— EXERCISE REQUIREMENTS —
Beginning with the line that holds "Italien Flaggen &" and finishing with the line that holds "Sweet Lassi in", repeat the listing exactly, leaving every picture out.
** RECORDS FOR THIS TASK follows **
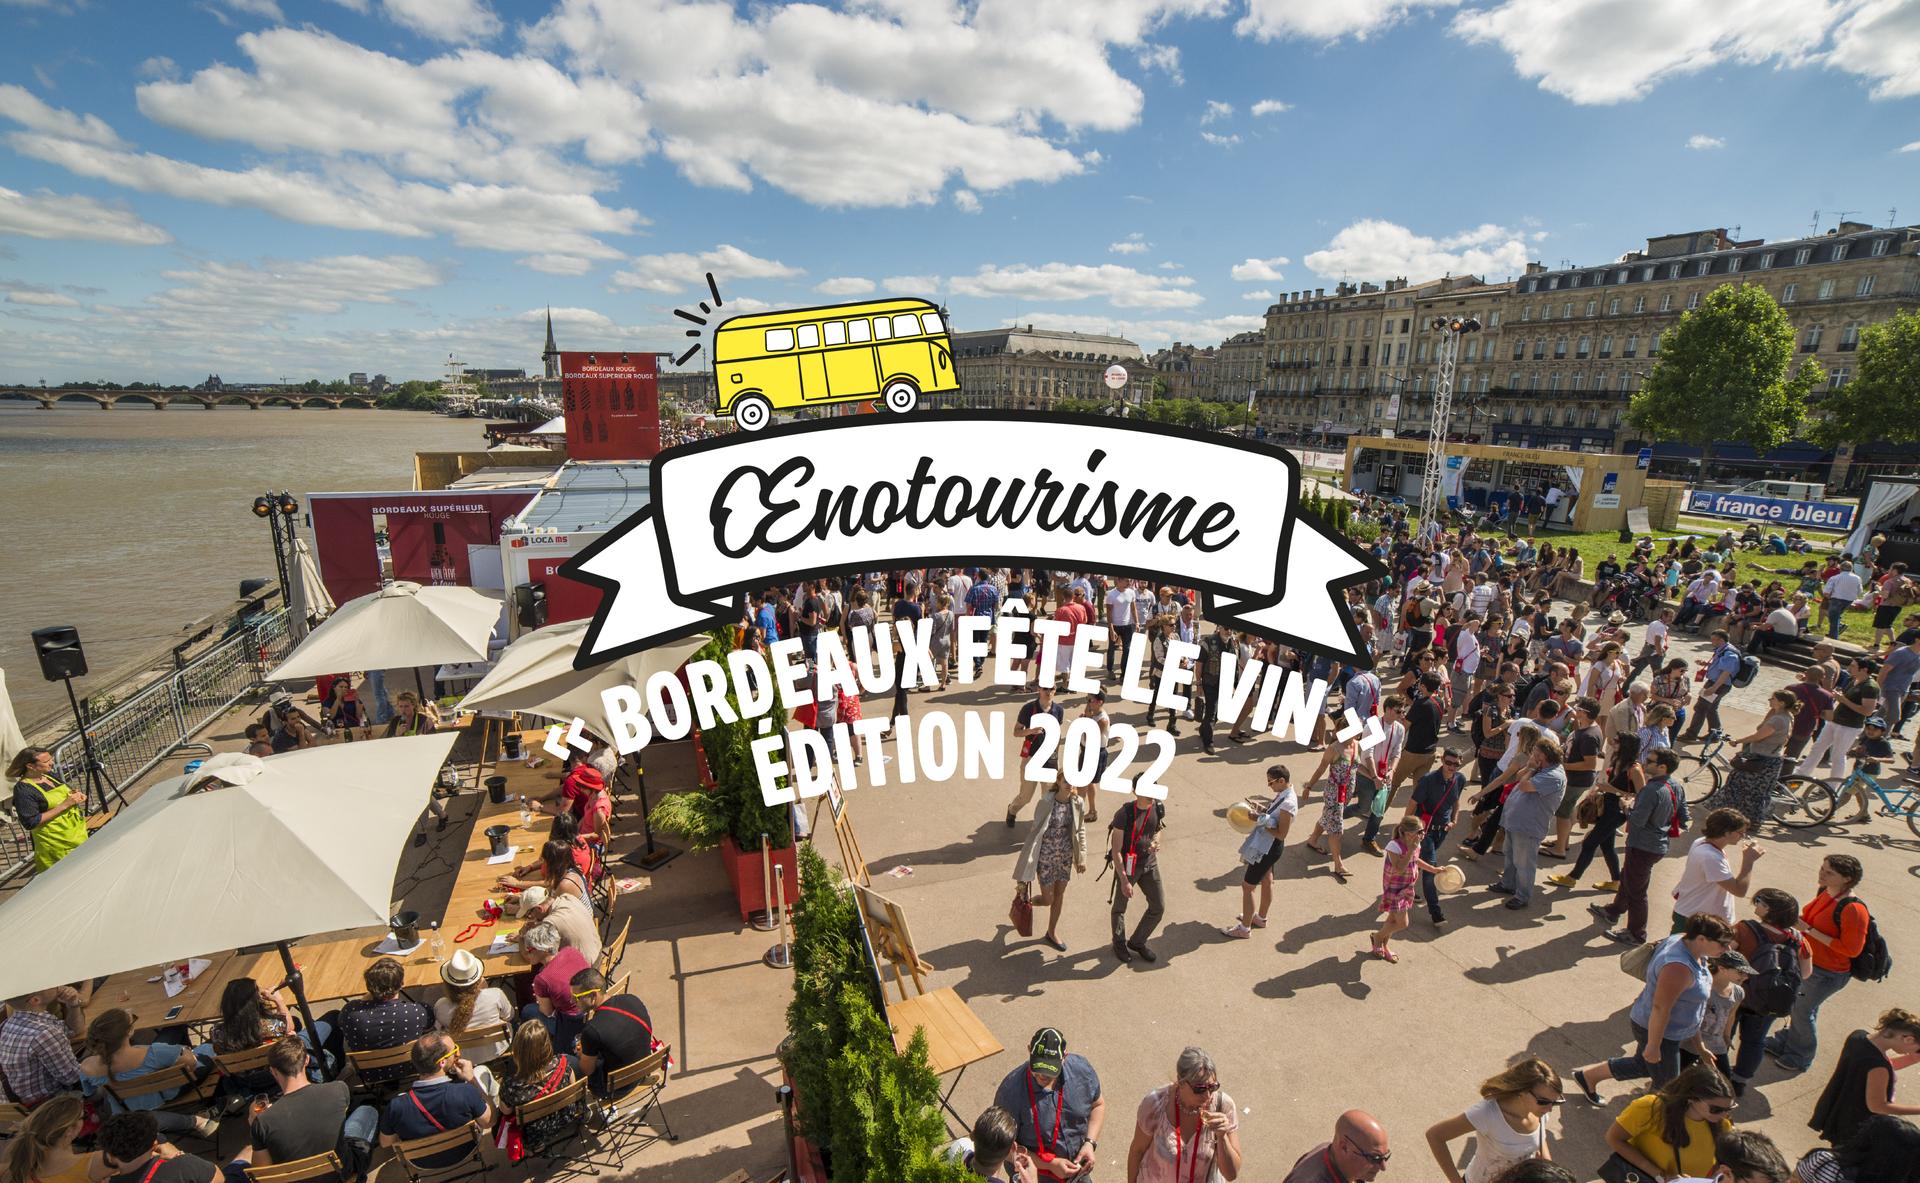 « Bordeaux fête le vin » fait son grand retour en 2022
** End of RECORDS FOR THIS TASK **
** RECORDS FOR THIS TASK follows **
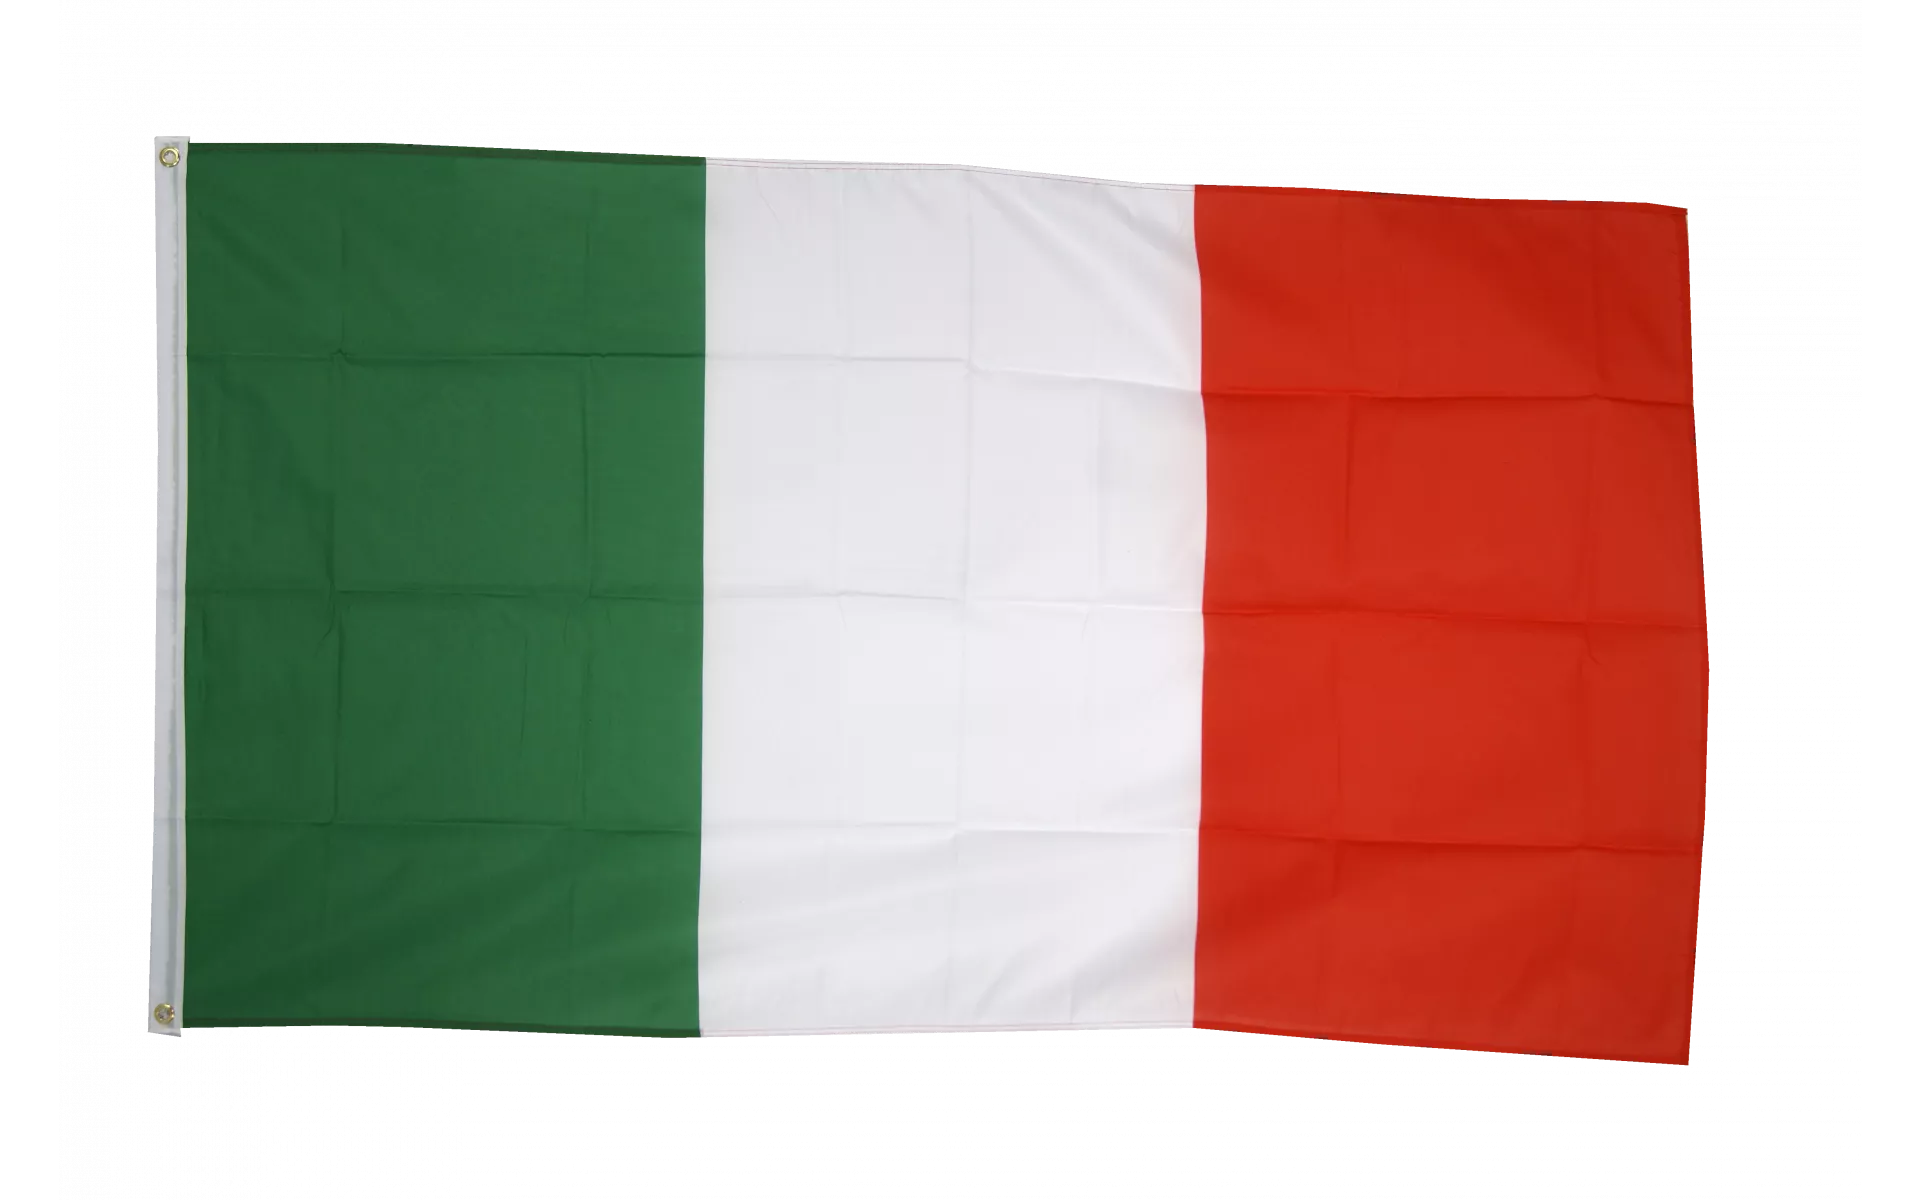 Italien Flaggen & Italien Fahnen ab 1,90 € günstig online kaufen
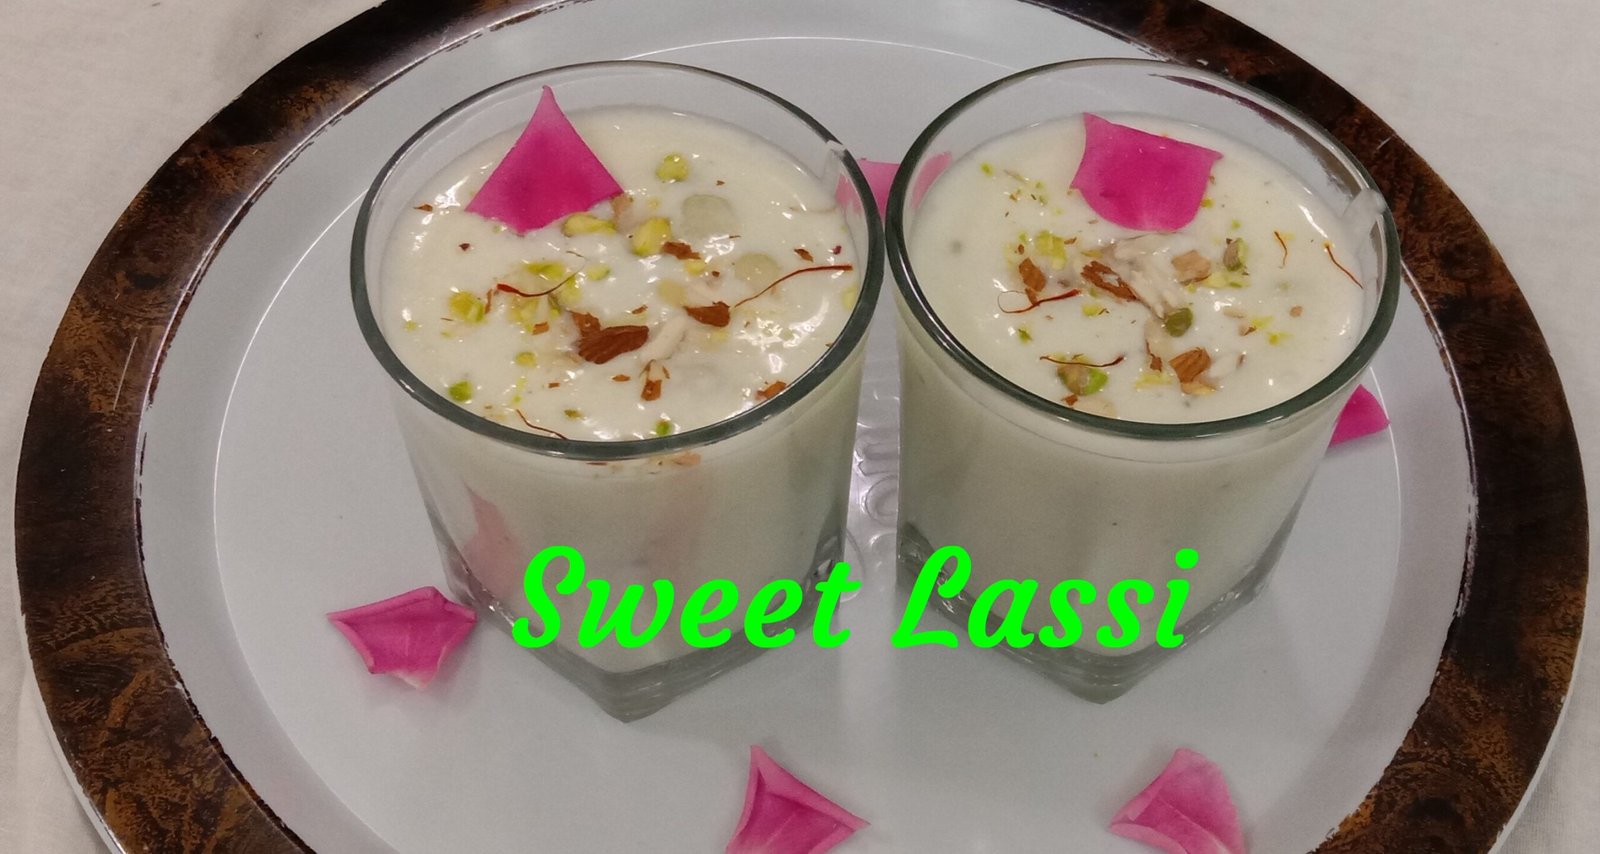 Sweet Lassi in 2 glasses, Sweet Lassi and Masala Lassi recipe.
** End of RECORDS FOR THIS TASK **
** RECORDS FOR THIS TASK follows **
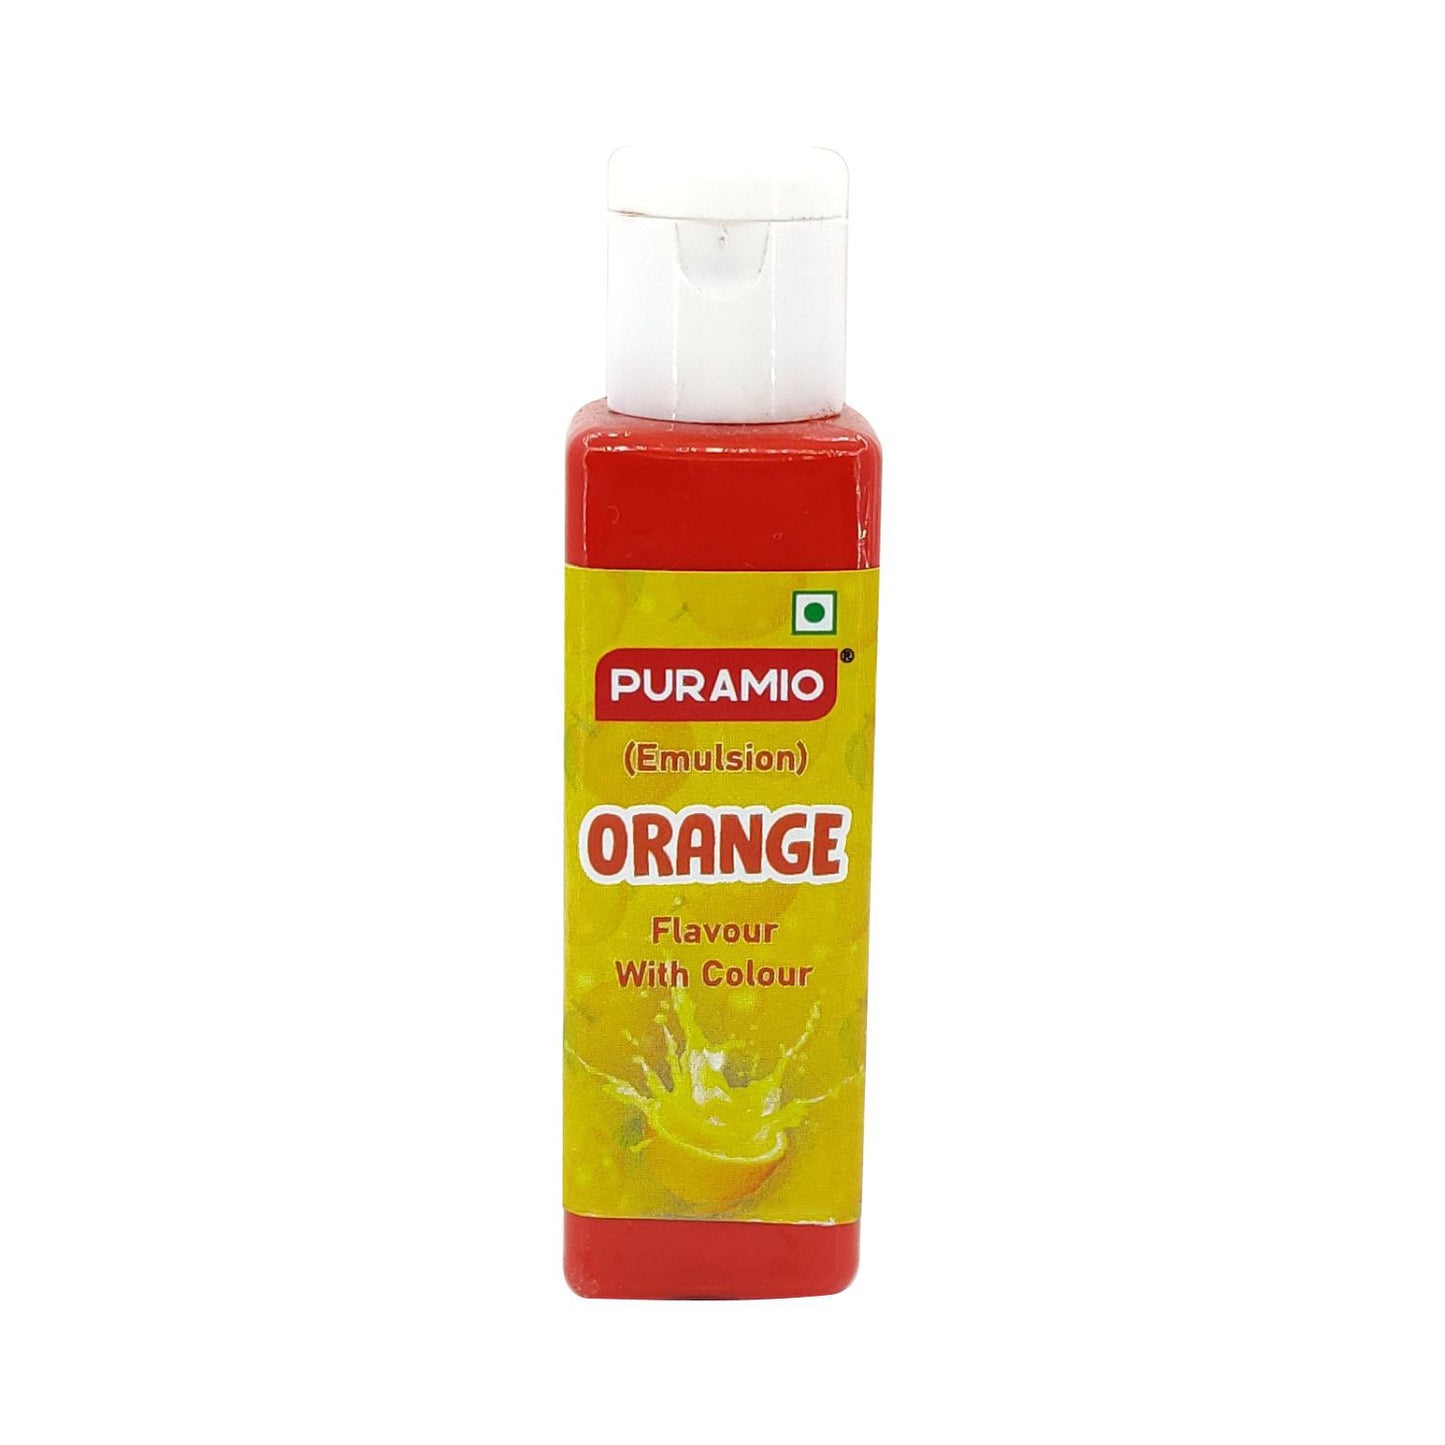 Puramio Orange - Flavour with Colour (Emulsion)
** End of RECORDS FOR THIS TASK **
— EXPECTED OUTPUT —
 Italien Flaggen & Italien Fahnen ab 1,90 € günstig online kaufen
 Sweet Lassi in 2 glasses, Sweet Lassi and Masala Lassi recipe.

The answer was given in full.